Die Jahreslosung 2021

Barmherzig. Ein grandioses Wort in unserer Sprache, finde ich. Es fügt einige Wörter zu einem neuen Wort zusammen. „Beim Armen das Herz haben“. „B Arm Herz“. Barmherzig.
So ist Gott. Er verliert sein Herz nicht an sonst was. Er hat sein Herz beim Armen.
So erzählt Jesus von ihm.
Gott ist barmherzig. Barmherzig wie ein Vater, der sich um den verlorenen Sohn sorgt und ihn nicht gekränkt abblockt. Barmherzig auch dem anständigen älteren Sohn gegenüber, der so klug und bockig weiß, was der Vater alles besser machen müsste.
Er ist barmherzig. Wie ein Hirte, dessen Herz nicht nur bei den 99 Schafen ist, die sich geborgen und zufrieden um ihn scharen, sondern auch bei diesem einen verloren gegangenen Schaf, das irgendwo in der Weltgeschichte herumirrt.
Er ist barmherzig. So haben wir ihn an Weihnachten gefeiert. Den Gott, dem es nicht reicht, in sich zu ruhen. Ein Gott, der ein Menschenkind wird. Verletzlich, gefährdet, arm. So sehr hat er sein Herz bei den Armen.

Aber wer ist überhaupt arm?
Wer zu wenig Geld hat und jeden Euro zweimal umdrehen muss, sicher. Wer zu wenig Liebe geschenkt bekommt, auch. Und wer sich groß aufspielt, aber im Grunde armselig ist, ja, der auch. Und die, die gerade todtraurig sind. Oder erschöpft, weil das Leben so anstrengend geworden ist. Und wer nicht weiterweiß. Oder sich nicht weiter traut, weil er Angst hat, Fehler zu machen. Und alle, die wissen, wie sich das anfühlt, wenn einem elend zumute ist.

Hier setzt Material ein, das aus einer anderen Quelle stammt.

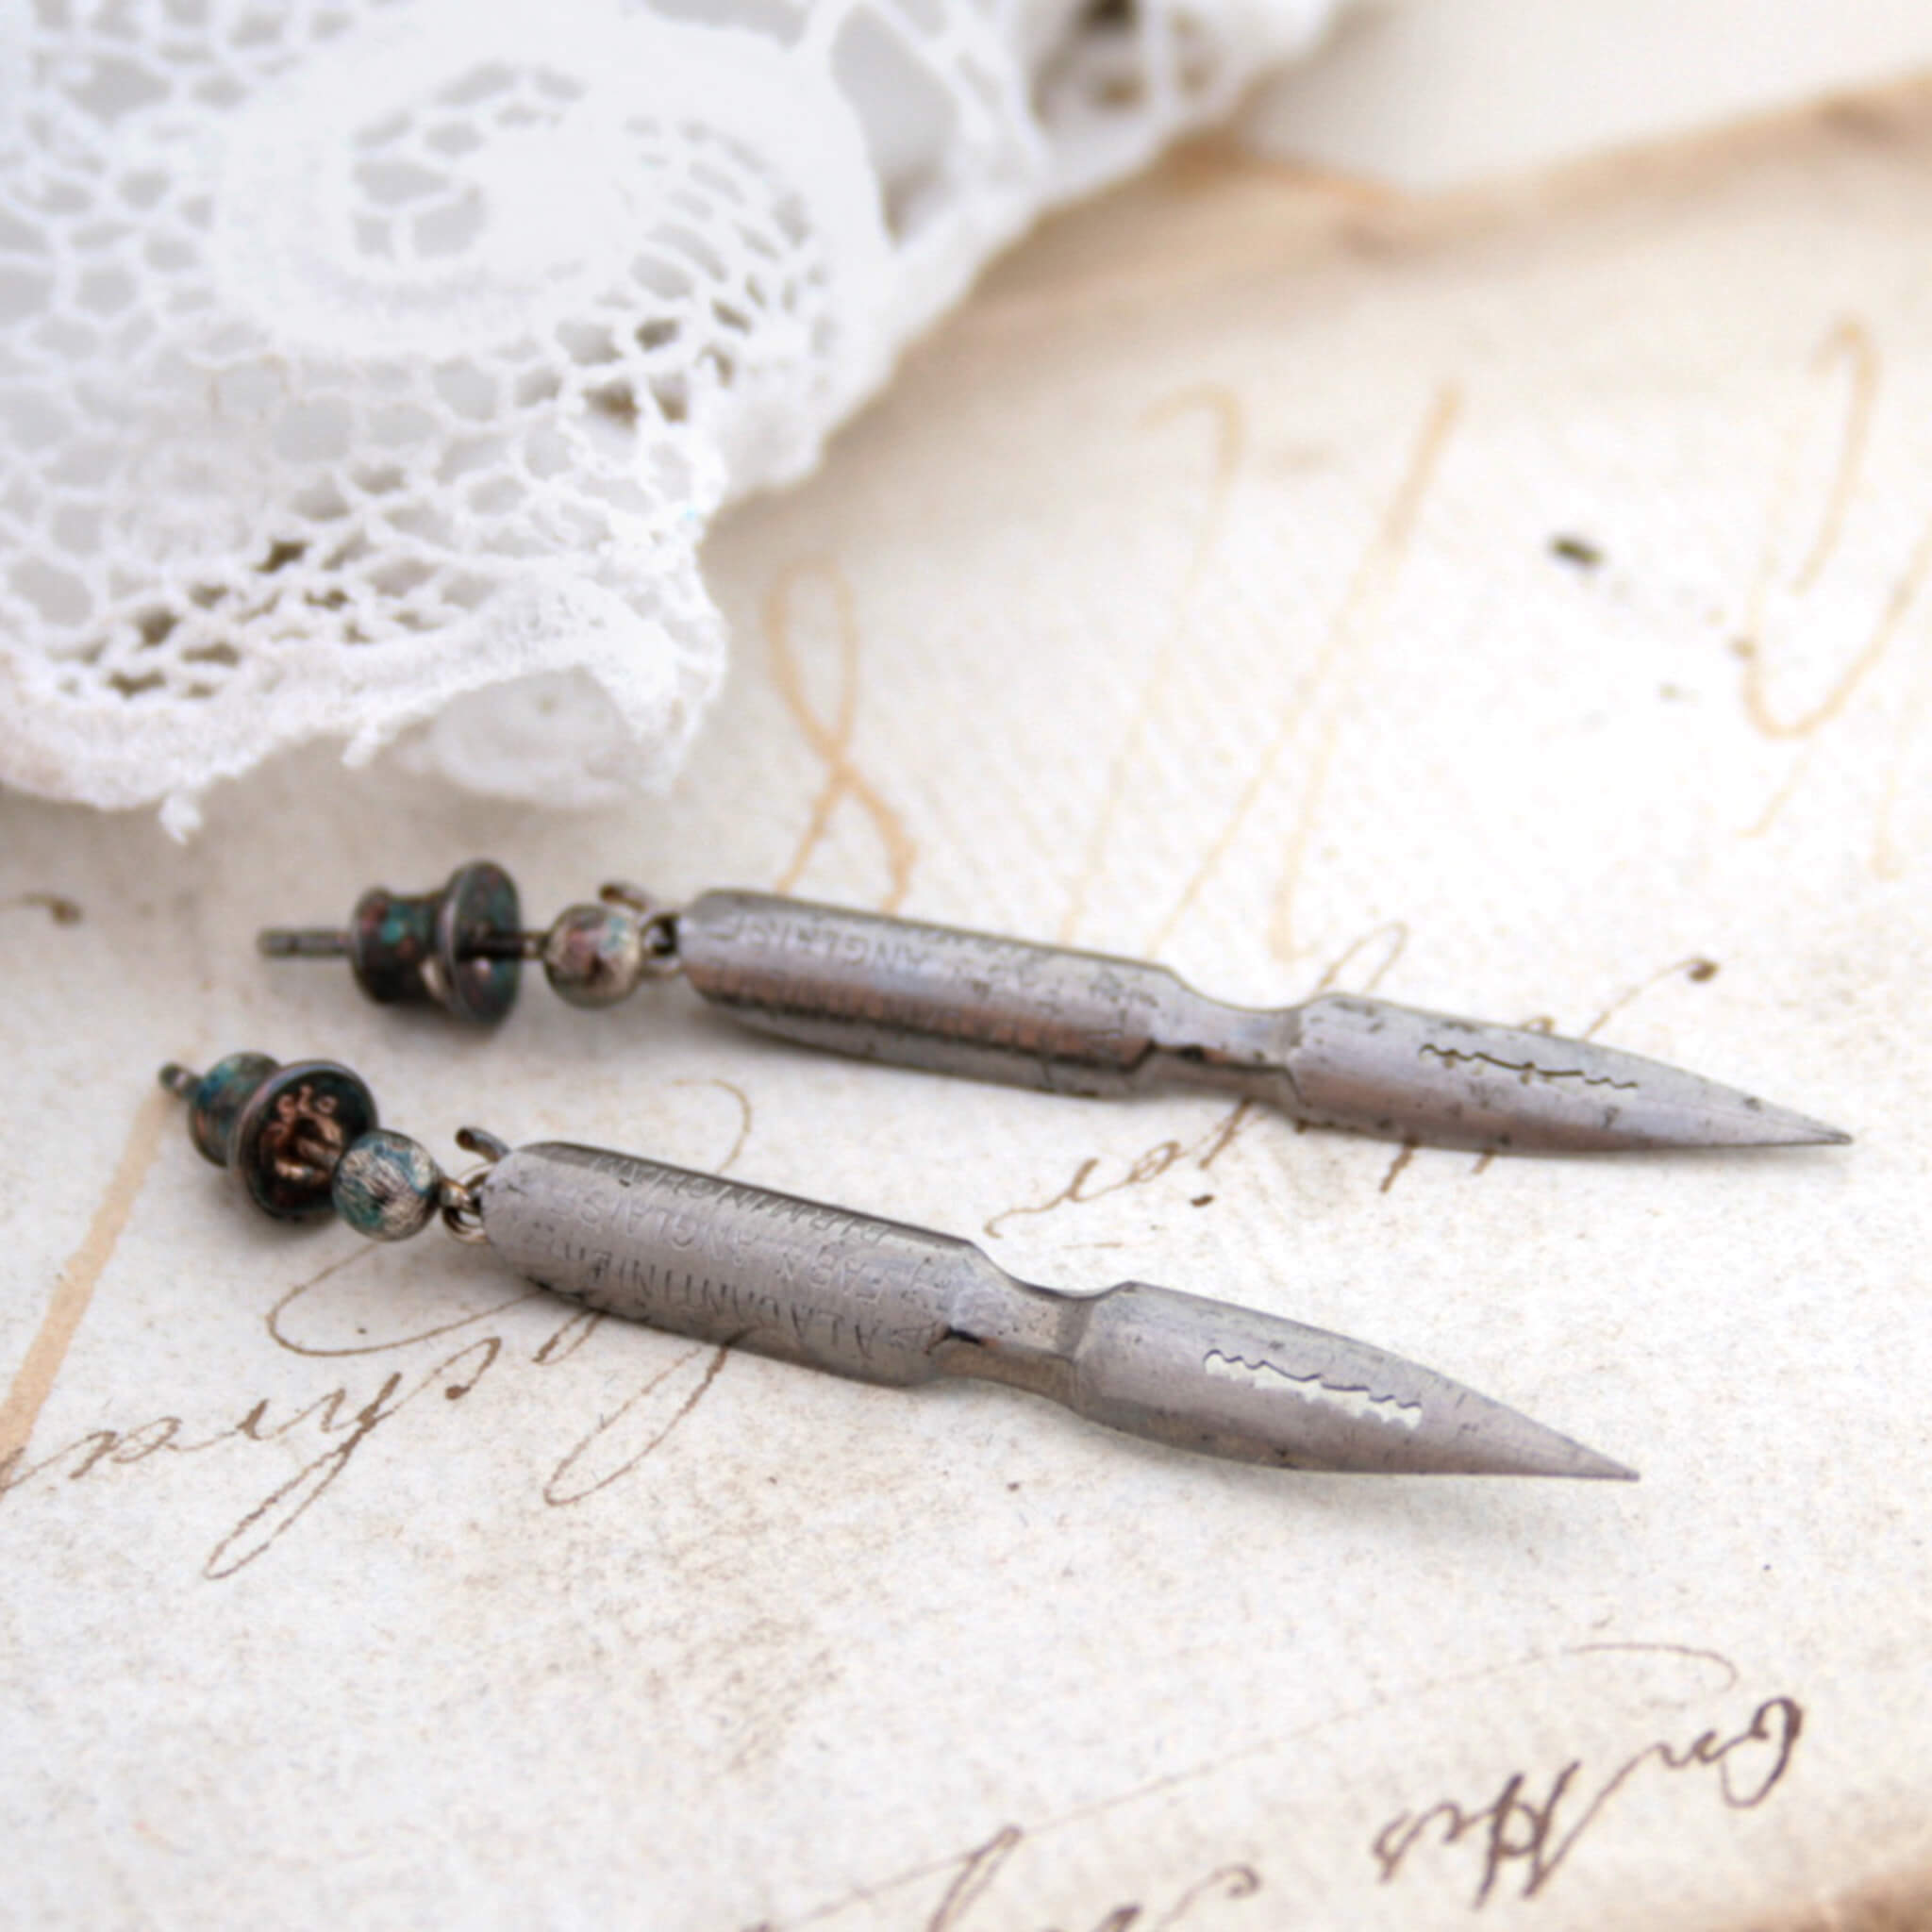 quirky earrings made of antique pen nibs lying on an old letter

Seid barmherzig mit ihnen, sagt Jesus. Seid auch barmherzig mit euch selbst. Gott jedenfalls ist es. Er hat sein Herz längst schon bei euch.
Vor dem muss ich mich nicht anders und toller darstellen als ich bin. Nichts schönreden und nichts unter den Teppich kehren. Und gnadenlos runtermachen muss ich mich auch nicht.
Arm sein ist nicht grandios. Aber dass Gott sein Herz bei den Armen hat, das schon. Das ist Balsam für die Seele.
Es ist wunderbar, wenn jemand das persönlich nimmt, zaghaft darüber staunt und sagt: „Danke, Gott!“
Das ist sozusagen Level 1.
Level 2 bietet dann eine neue Herausforderung. „Seid barmherzig!“ Spätestens wenn ich zu etwas aufgefordert werden muss, ist klar: Darin bin ich nicht von Haus aus Weltmeisterin. Das ist offenbar etwas zum Üben. Immer wieder.
„Seid barmherzig!“
Schaut gut hin. Verschließt die Augen nicht, wenn jemand zu wenig hat. Haltet es nicht für normal, wenn Gewalt im Spiel ist oder menschenverachtende Sprüche über jemanden geklopft werden. Wechselt nicht die Straßenseite, wenn ihr die Frau seht, deren Mann und Kind ums Leben gekommen sind. Besucht den Sangesbruder, der seit einiger Zeit dement ist. Und wenn jemand Unrecht getan hat, dann redet Klartext mit ihm. Auch das ist eine Art, für jemanden da zu sein.
Stellt euch auf die Seite der Armen, der Trostbedürftigen, auf die Seite derer, die Zuspruch brauchen oder tatkräftige Hilfe.
Seid barmherzig. Und handelt auch so.

Wie wäre es also mit einem Jahr der Barmherzigkeit?
Ein Jahr, in dem wir feiern, dass Gott barmherzig ist. Das können wir spätestens jeden Sonntag zusammen feiern, im Gottesdienst.
Daraus können wir Kraft und Mut schöpfen, selbst barmherzig zu sein – mit uns und unsren guten Vorsätzen und hehren Erwartungen. Und mit den lieben Familienmitgliedern und Nachbarn und Freundinnen und Arbeitskollegen und Politikerinnen und überhaupt.
Ein Jahr wie ein Trainingslager. Wir üben, barmherzig zu sein.
Nur sonntags, da wird nicht geübt, da wird gefeiert. Ein Hoch auf Gott, der sein Herz beim Armen hat. Bei uns auch.